-- Requirement --
Look below for the line with "A decrepit building" and the line with "Interpretation of magnetic"; repeat exactly those two lines and all lines between them, but no pictures.

(Information supplied Opens)

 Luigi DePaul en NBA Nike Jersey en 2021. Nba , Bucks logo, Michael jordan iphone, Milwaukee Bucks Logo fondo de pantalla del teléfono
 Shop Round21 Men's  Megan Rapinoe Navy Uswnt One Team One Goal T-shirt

(Information supplied Closes)
(Information supplied Opens)

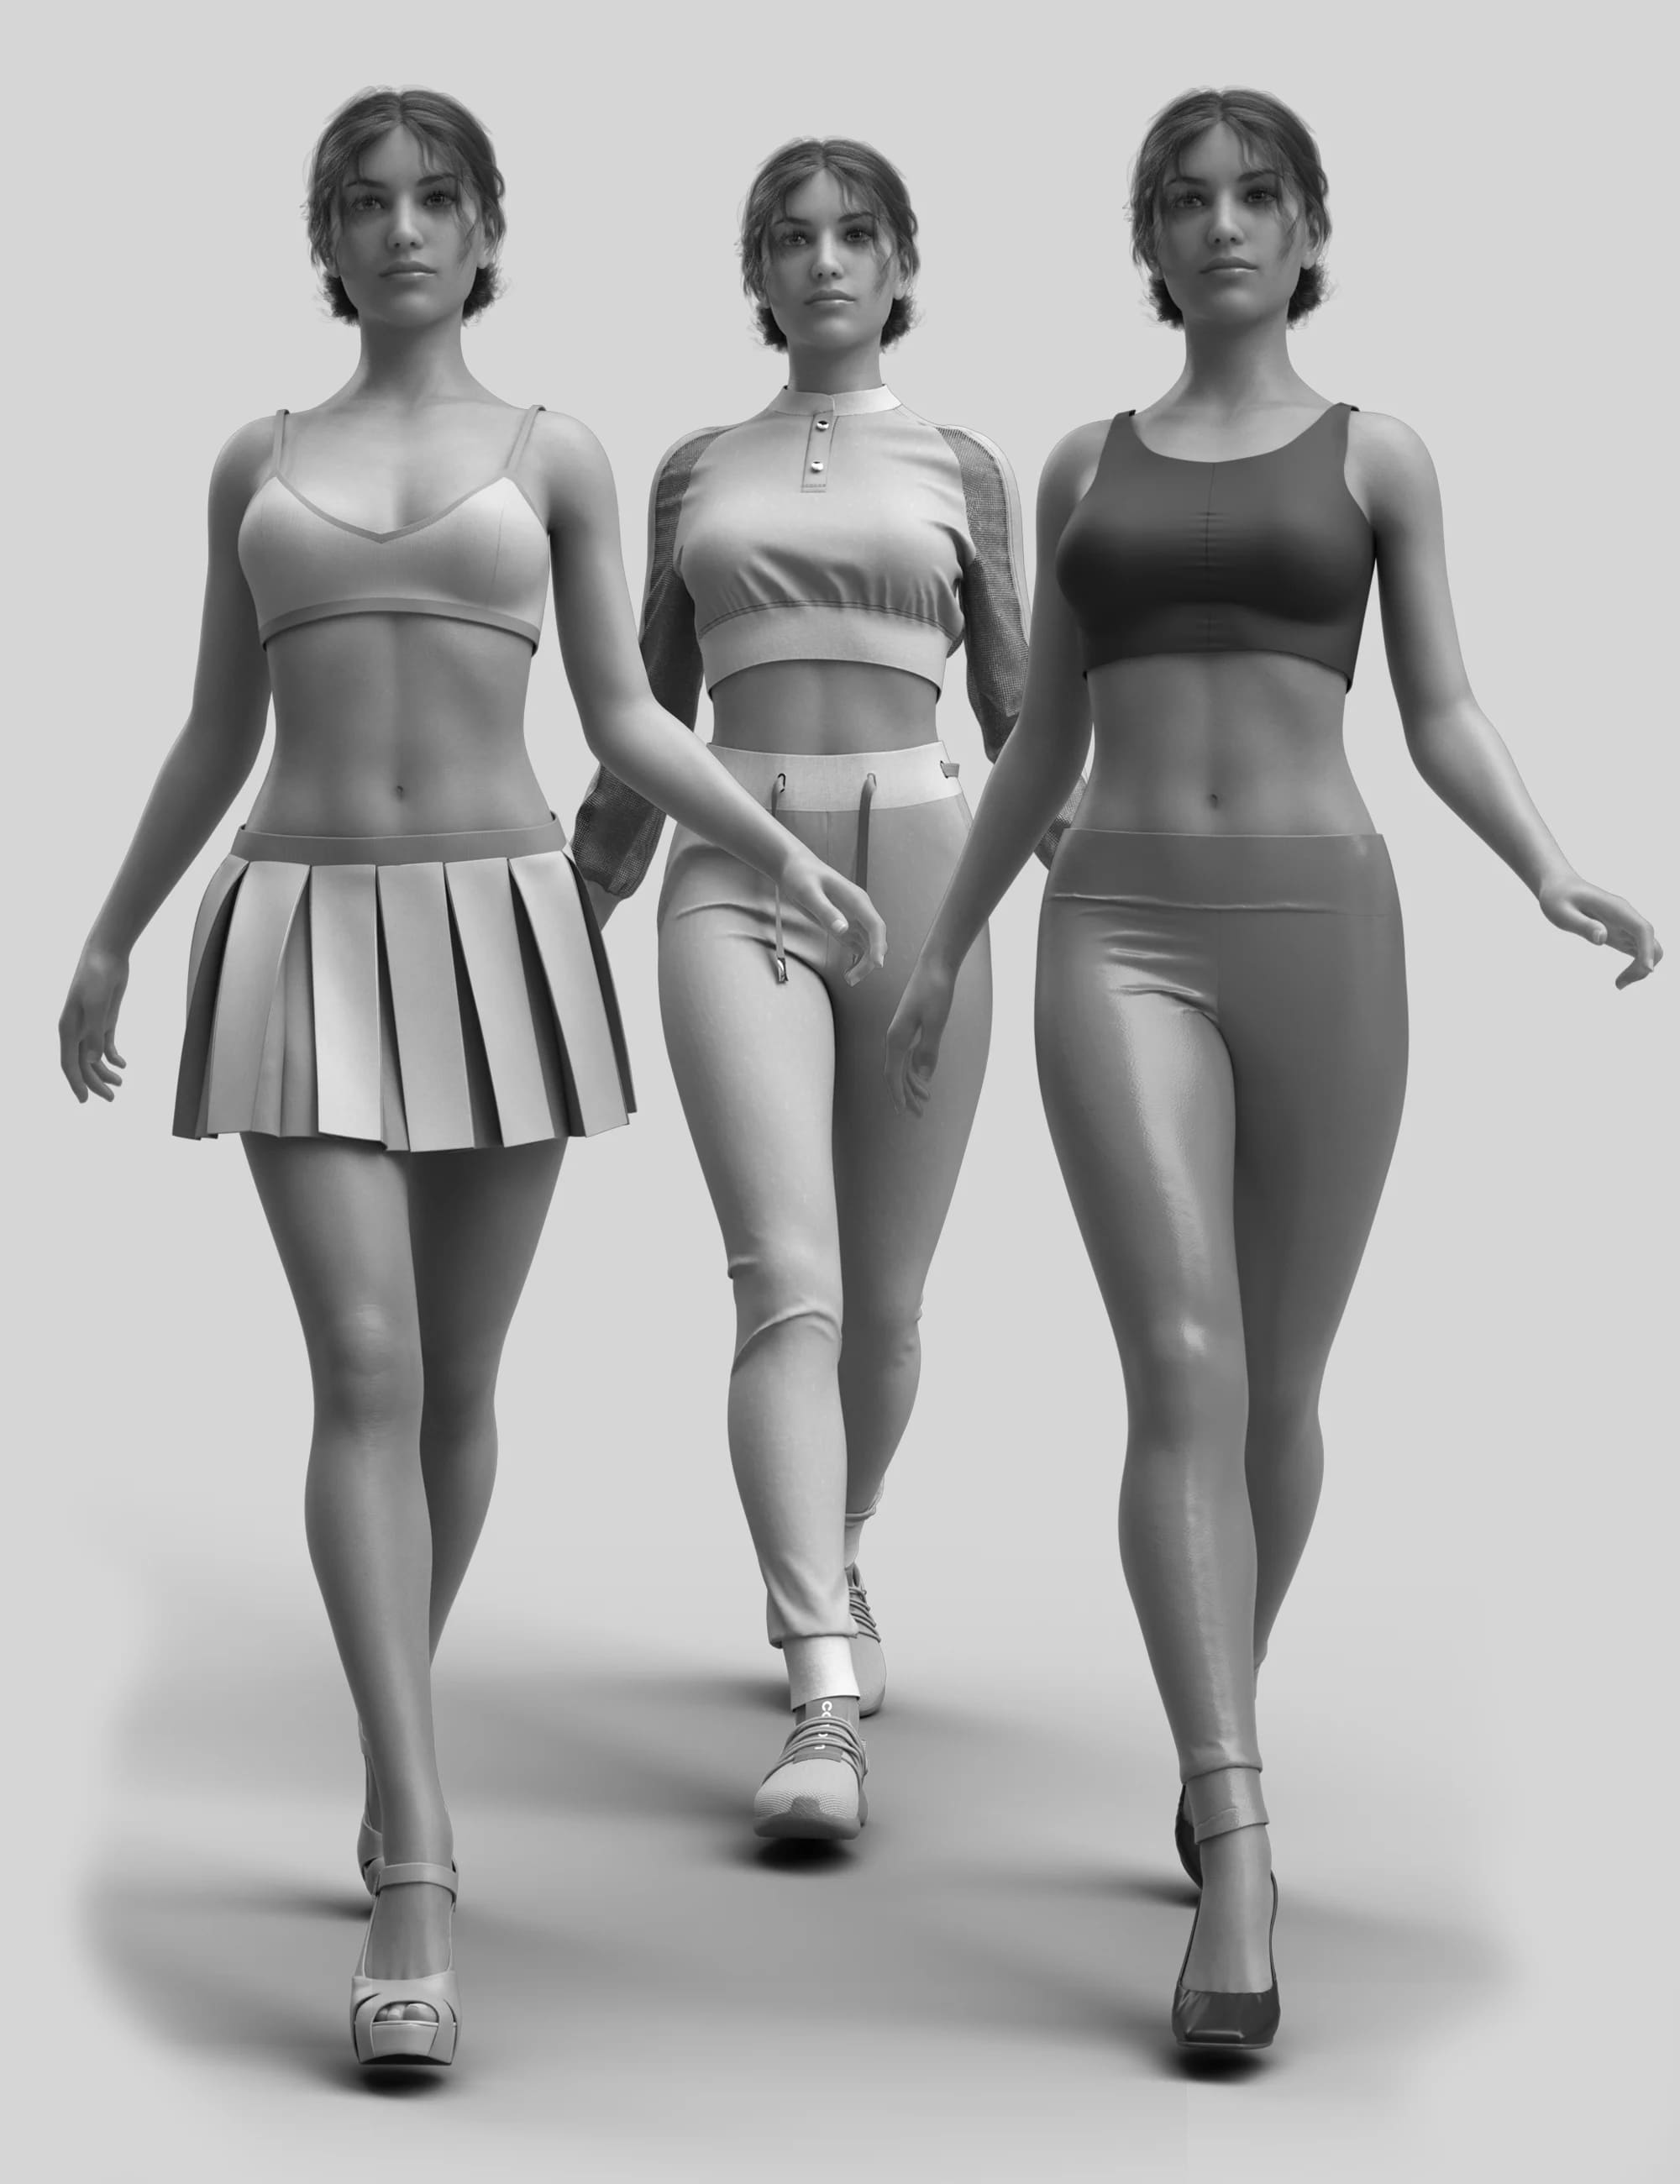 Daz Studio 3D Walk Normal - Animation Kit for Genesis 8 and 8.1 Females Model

(Information supplied Closes)
(Information supplied Opens)

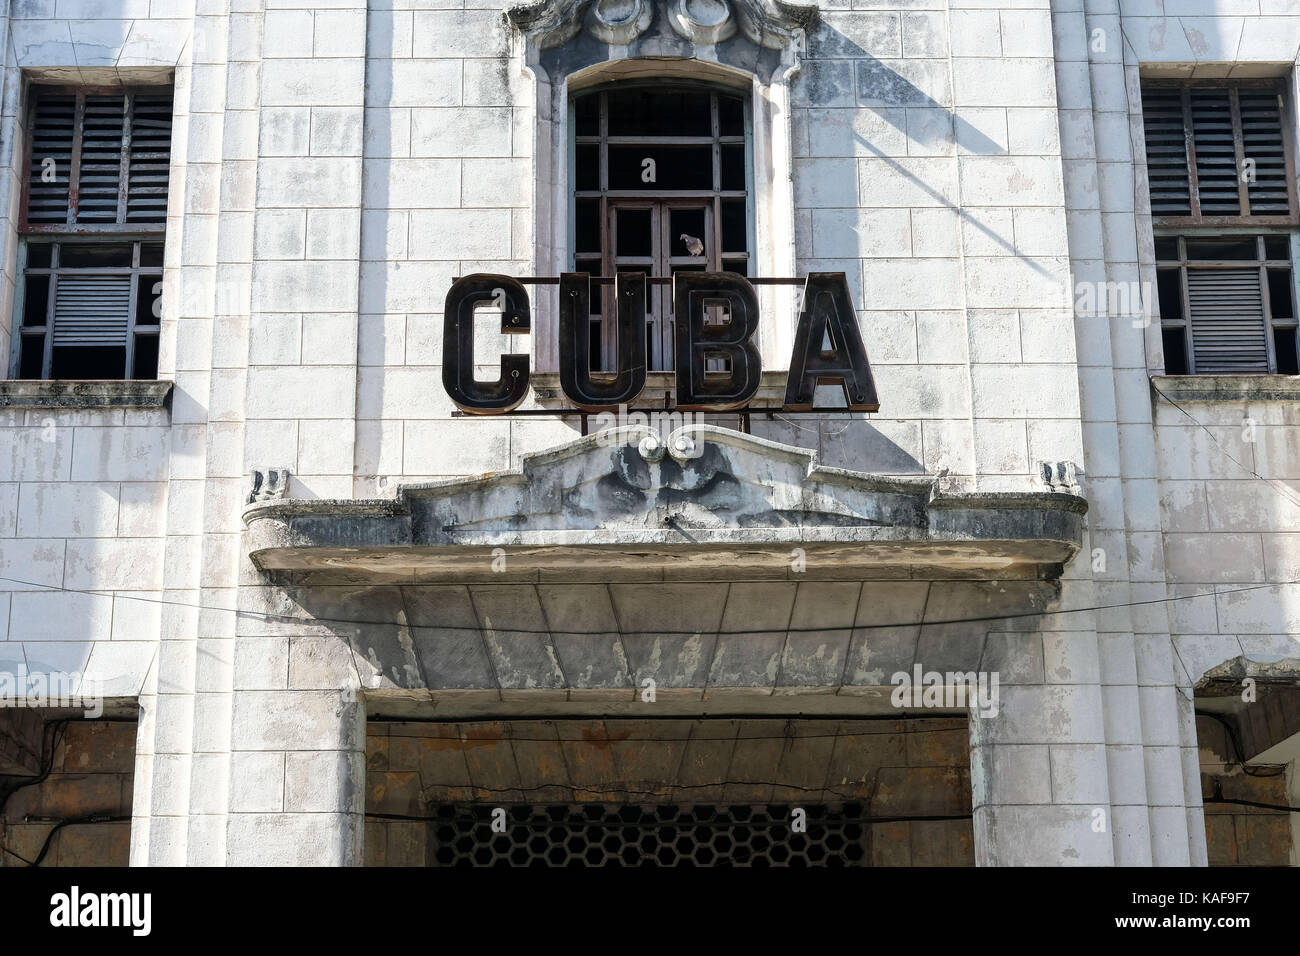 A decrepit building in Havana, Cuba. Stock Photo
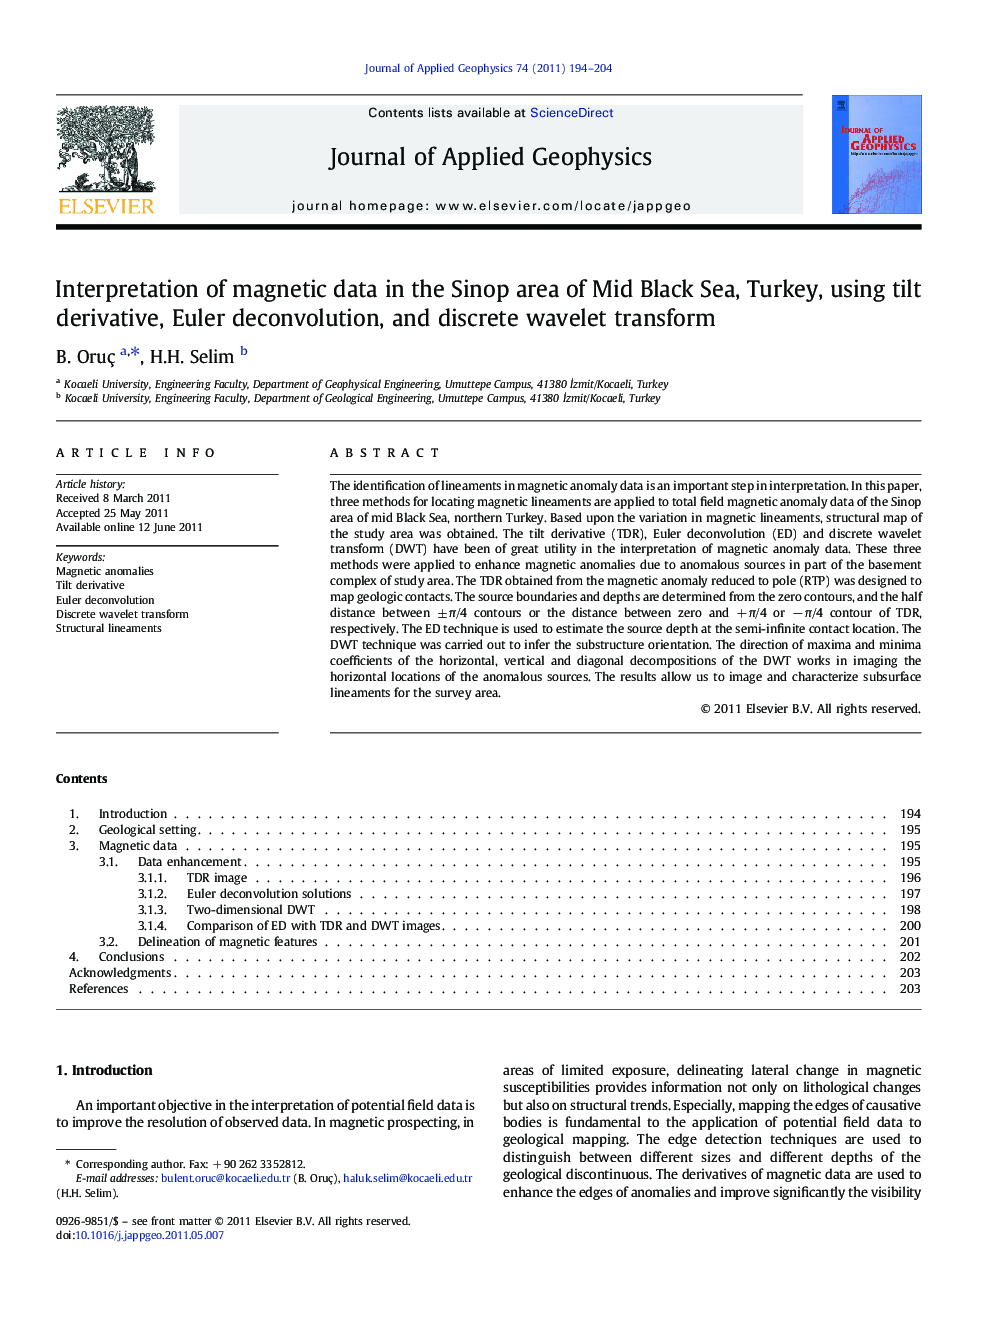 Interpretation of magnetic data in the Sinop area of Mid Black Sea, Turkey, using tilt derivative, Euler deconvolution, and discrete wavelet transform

(Information supplied Closes)

-- Solution for this problem --
 A decrepit building in Havana, Cuba. Stock Photo
 Interpretation of magnetic data in the Sinop area of Mid Black Sea, Turkey, using tilt derivative, Euler deconvolution, and discrete wavelet transform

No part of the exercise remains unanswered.